_Task requirements_
Copy the listing as it is written, and leave each picture out.

_Supplied data_
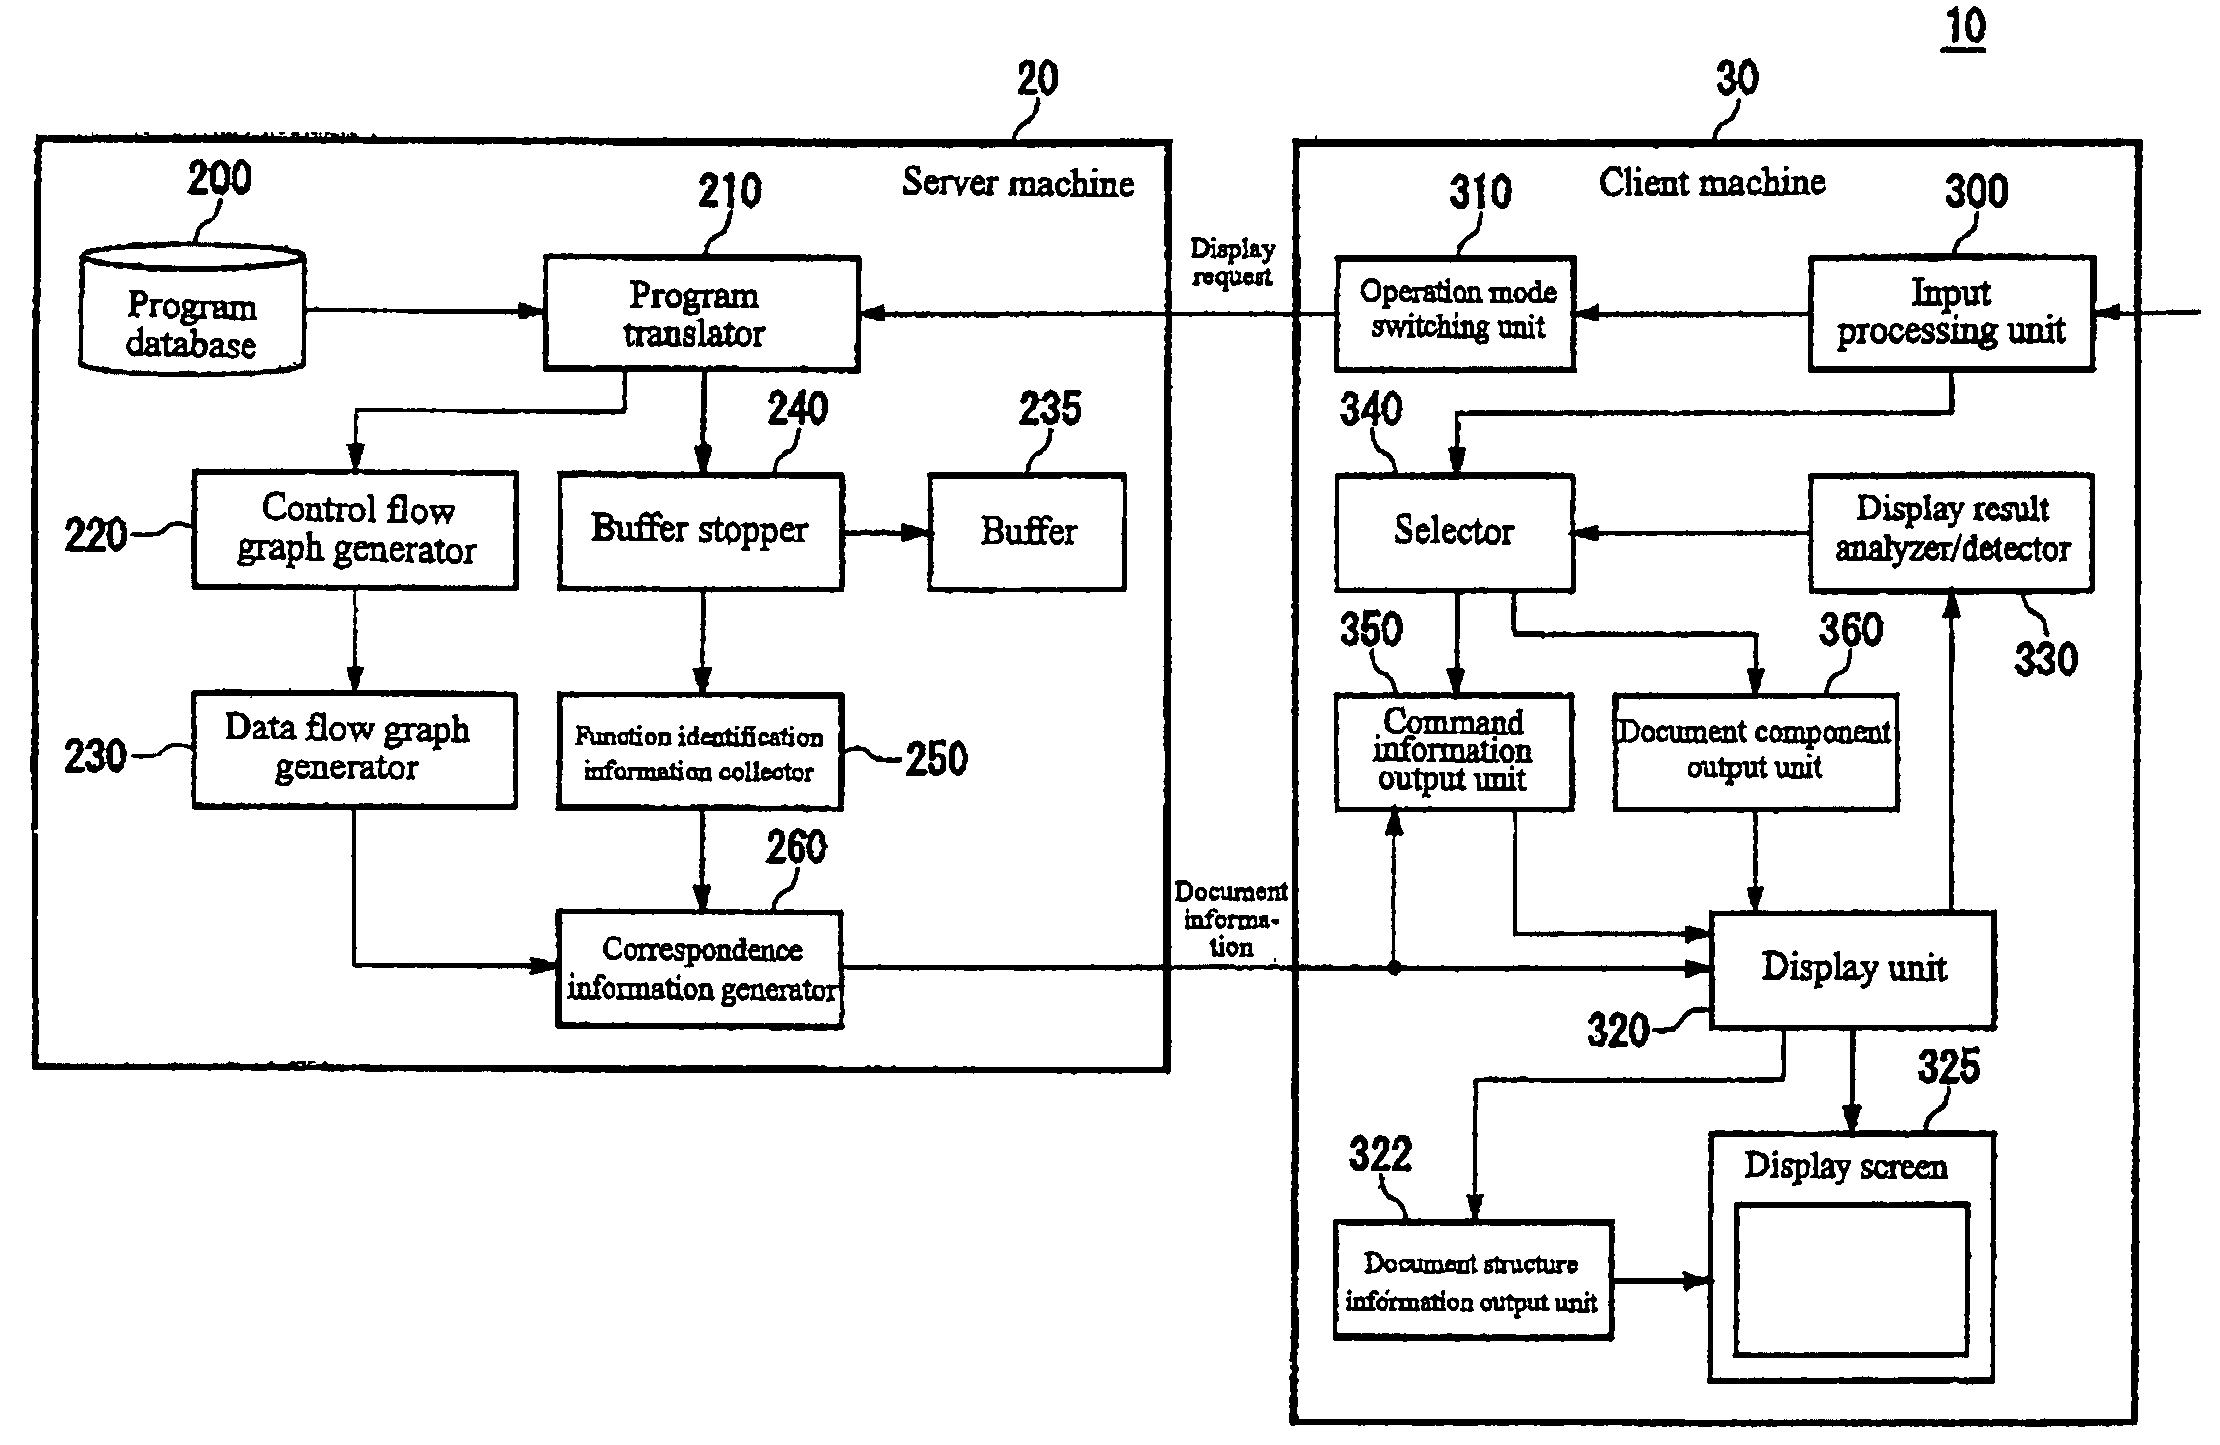 Method for generating document components and managing same
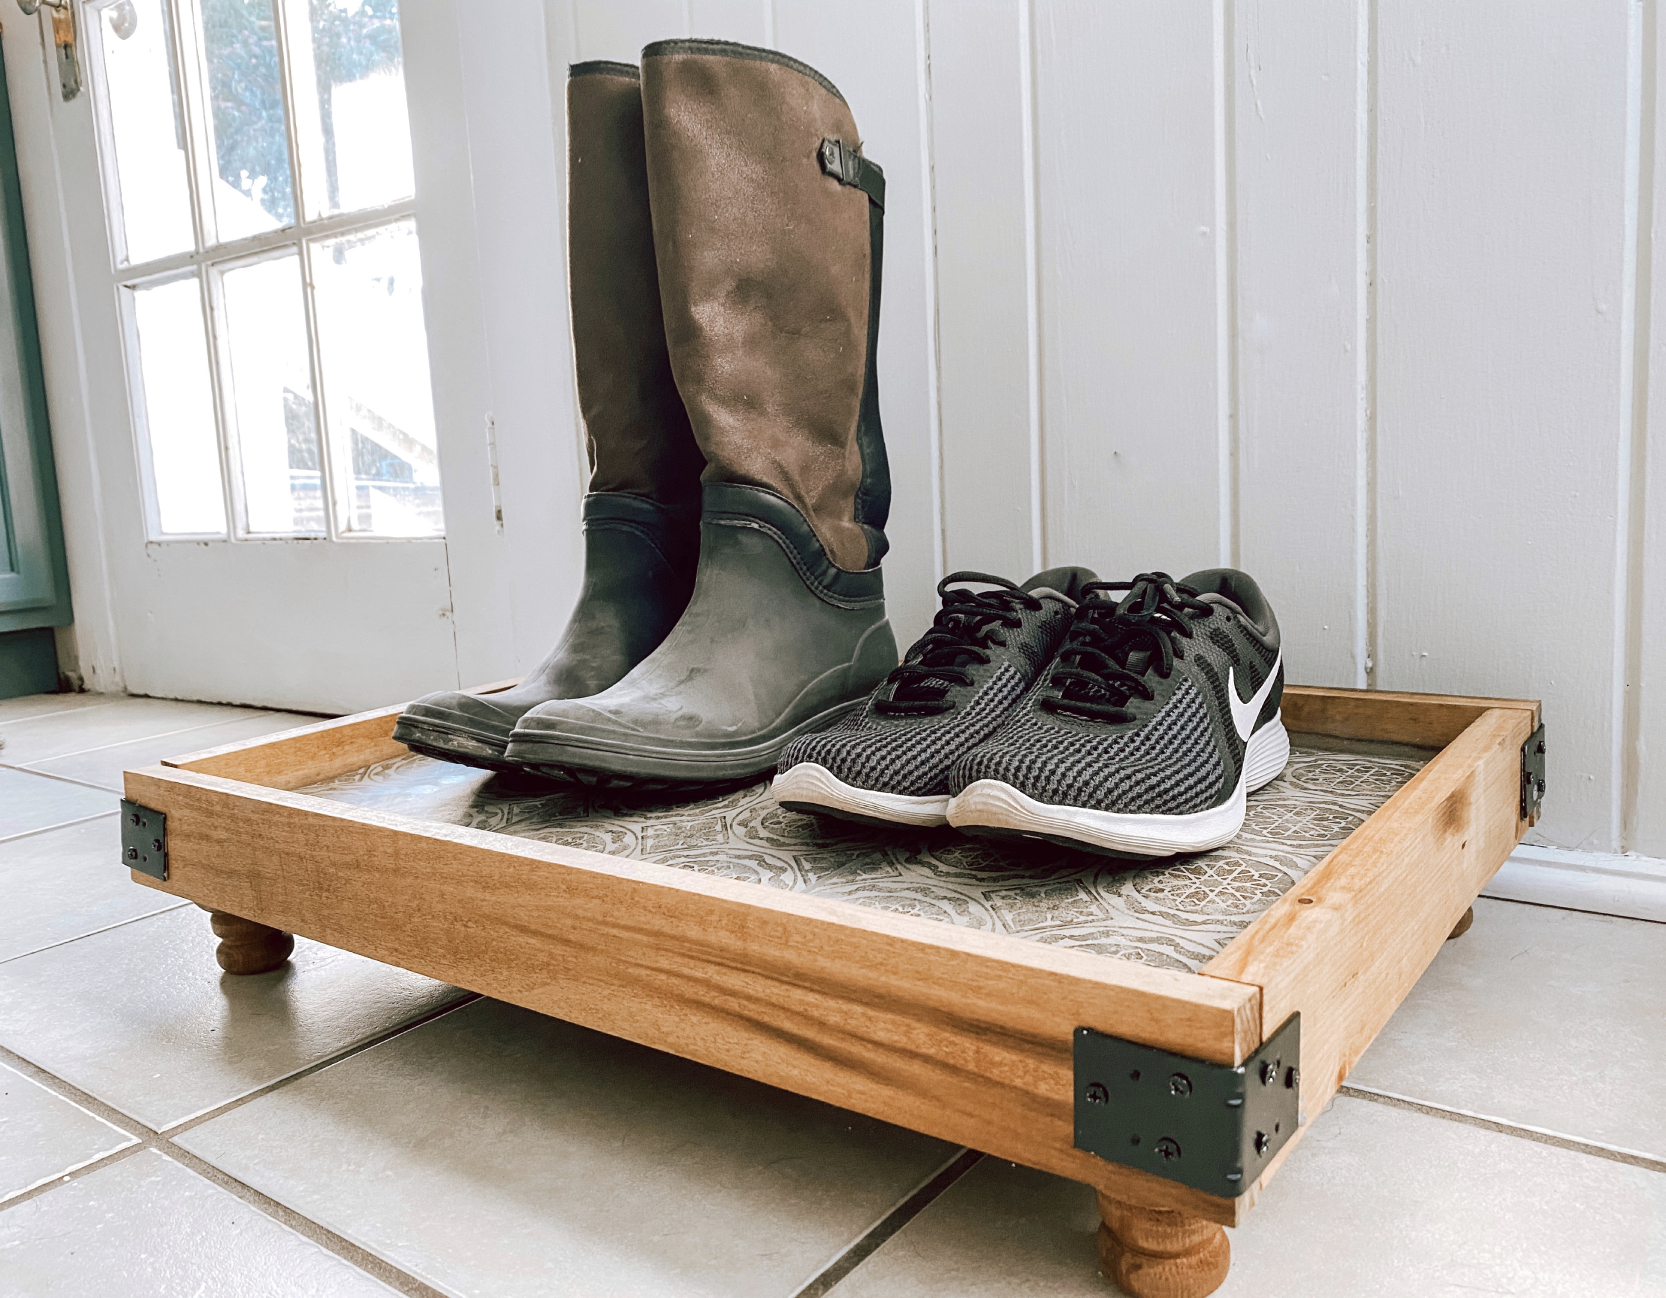 16 boot trays to keep your shoes from making a mess
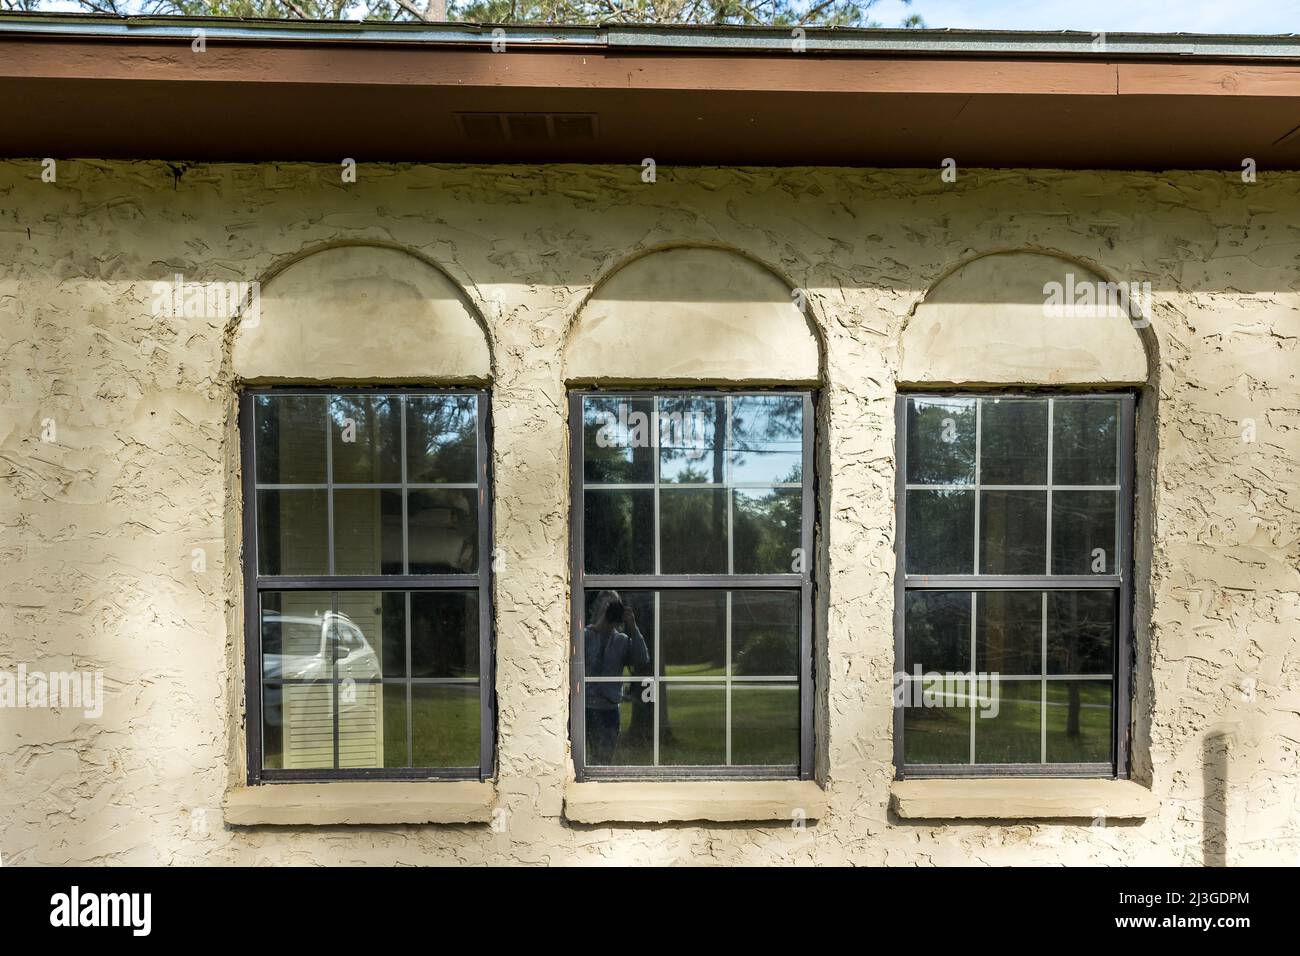 The side view of a brown 1970's ranch style spanish style villa stucco cinder block home with architectural arches and black aluminium original Stock Photo

_Response area_
 Method for generating document components and managing same
 16 boot trays to keep your shoes from making a mess
 The side view of a brown 1970's ranch style spanish style villa stucco cinder block home with architectural arches and black aluminium original Stock Photo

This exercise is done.